Since technology has advanced, she said, “schools have taken wildly divergent approaches to [Children’s Internet Protection Act] compliance.” Vance said she isn’t aware of a school district ever losing E-Rate funding because they didn’t monitor students enough, but she acknowledged that a lack of clarity in the law puts districts “between a rock and a hard place.”

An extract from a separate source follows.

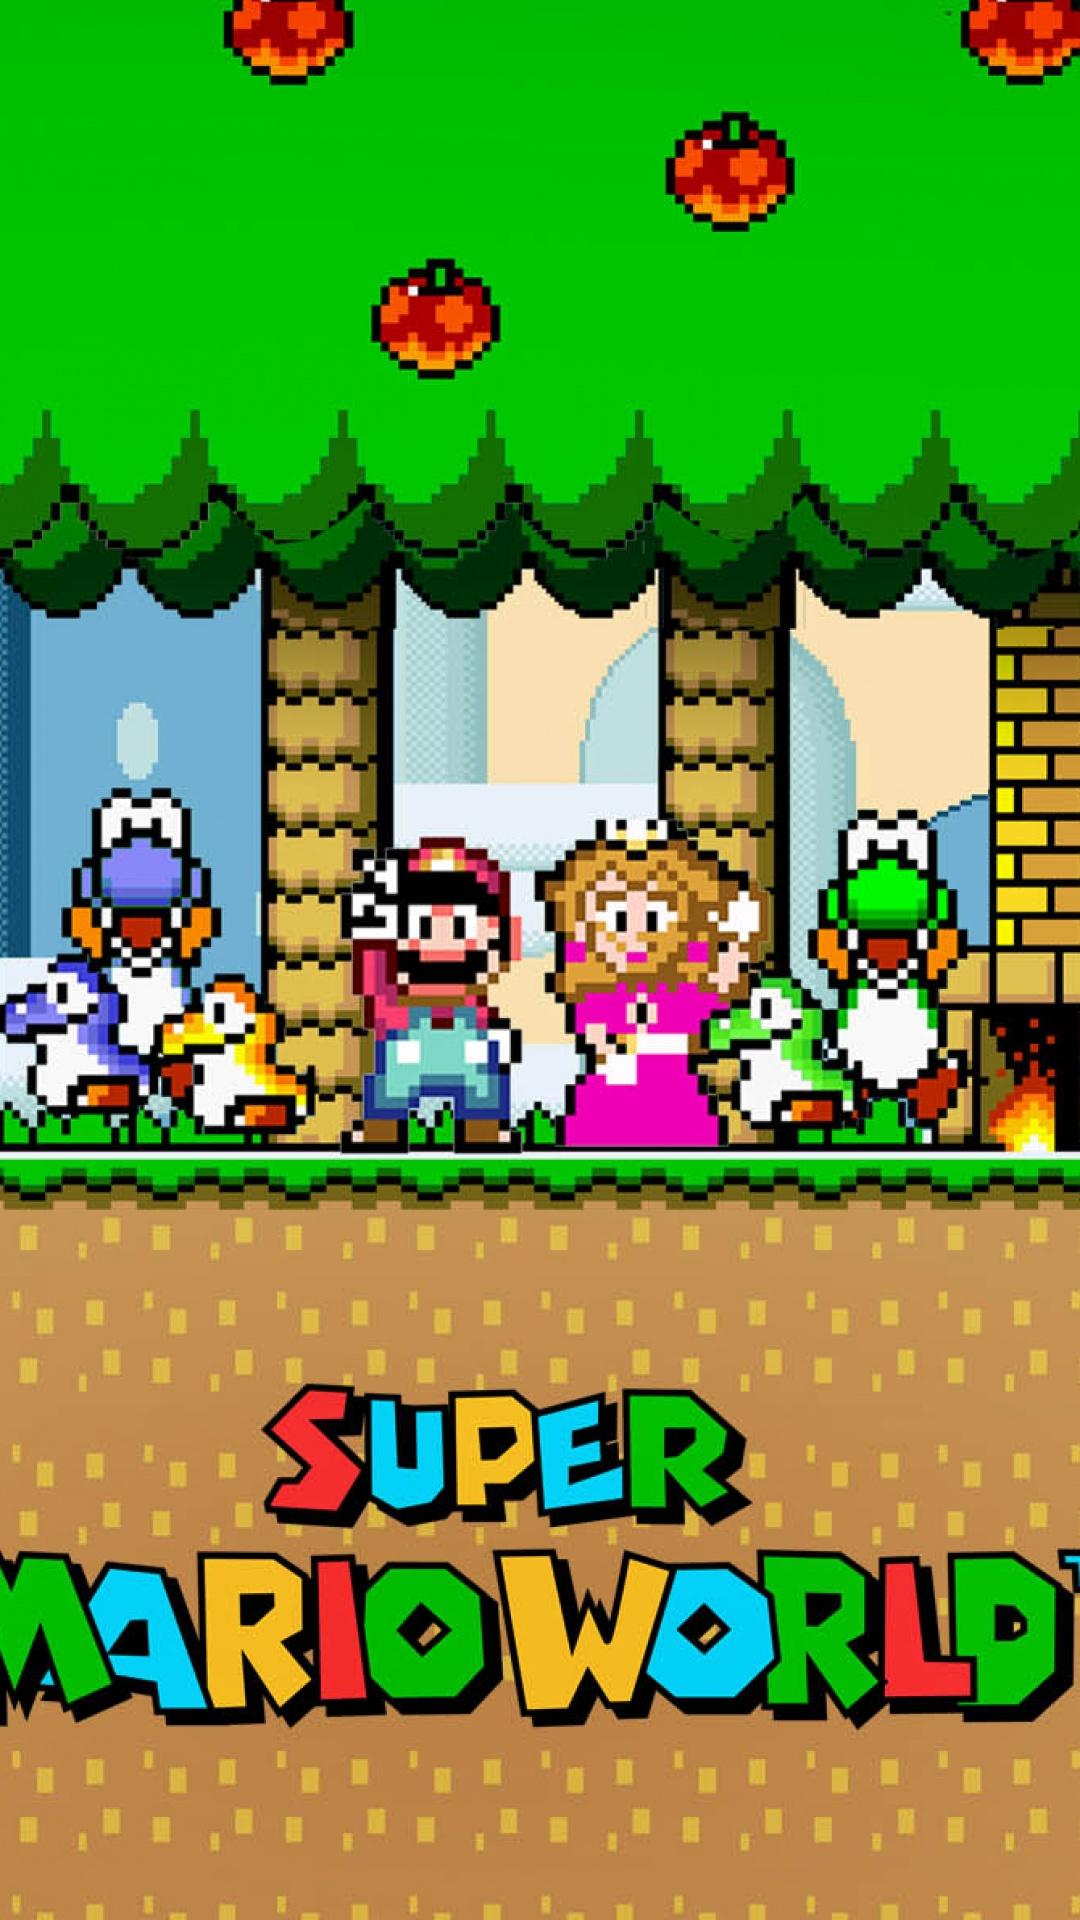 Free Download Super Mario World Wallpapers 39 Desktop Images Of

If they don’t do enough to monitor students, districts could be sued for doing too little to stop issues like cyberbullying. Meanwhile, if they monitor students online but miss a legitimate threat, district officials could find themselves in court. Taking surveillance too far could be the most problematic, she said, citing a lawsuit that was settled in 2010. In that case, a suburban Philadelphia school district paid $610,000 to settle a lawsuit after it used webcams on school-issued laptops to covertly take thousands of pictures of students while they were at home.
Gaggle officials say their tool is necessary to help schools identify students who might harm themselves and noted that the pandemic has taken a toll on students’ emotional wellbeing. In an email, the district’s manager of counseling services, Derek Francis, said the district “wanted to make sure we were proactive in having students understand the importance of internet safety,” and that “by no means is Gaggle a replacement for our mental health support.” He didn’t respond to requests seeking further comment.
But as districts look to comply with the law while protecting students, Vance recommended that they be wary of tools — including Gaggle — that aren’t backed by independent research proving they’re effective in keeping kids safe.
Elizabeth Laird, the senior fellow of student privacy at the Center for Democracy and Technology, offered a similar perspective.
School districts “have wide discretion about how to satisfy those requirements and are under no obligation to use a monitoring tool like Gaggle,” she said in an email. “These requirements have been in place for almost 20 years, well before the proliferation of automated student monitoring algorithms in education, so there are alternative options that have been available for almost two decades.”
Federal officials have never made clear whether student technology rules apply to those learning from home because they were written to govern “school computers hardwired to school networks,” she said.
As Minneapolis and other districts turn to surveillance tools like Gaggle during pandemic-induced remote learning, Vance said they could find themselves facing lawsuits alleging their practices violate the U.S. Constitution. Under the Fourth Amendment, the government is prohibited from subjecting people to unreasonable searches.
“Courts have historically found that the home is a sanctuary, that any searches of the home — whether digital or physical — end up becoming a massive Fourth Amendment issue,” she said. As students’ bedrooms become makeshift classrooms, “I haven’t seen many schools thinking about these implications as they’ve added additional monitoring.”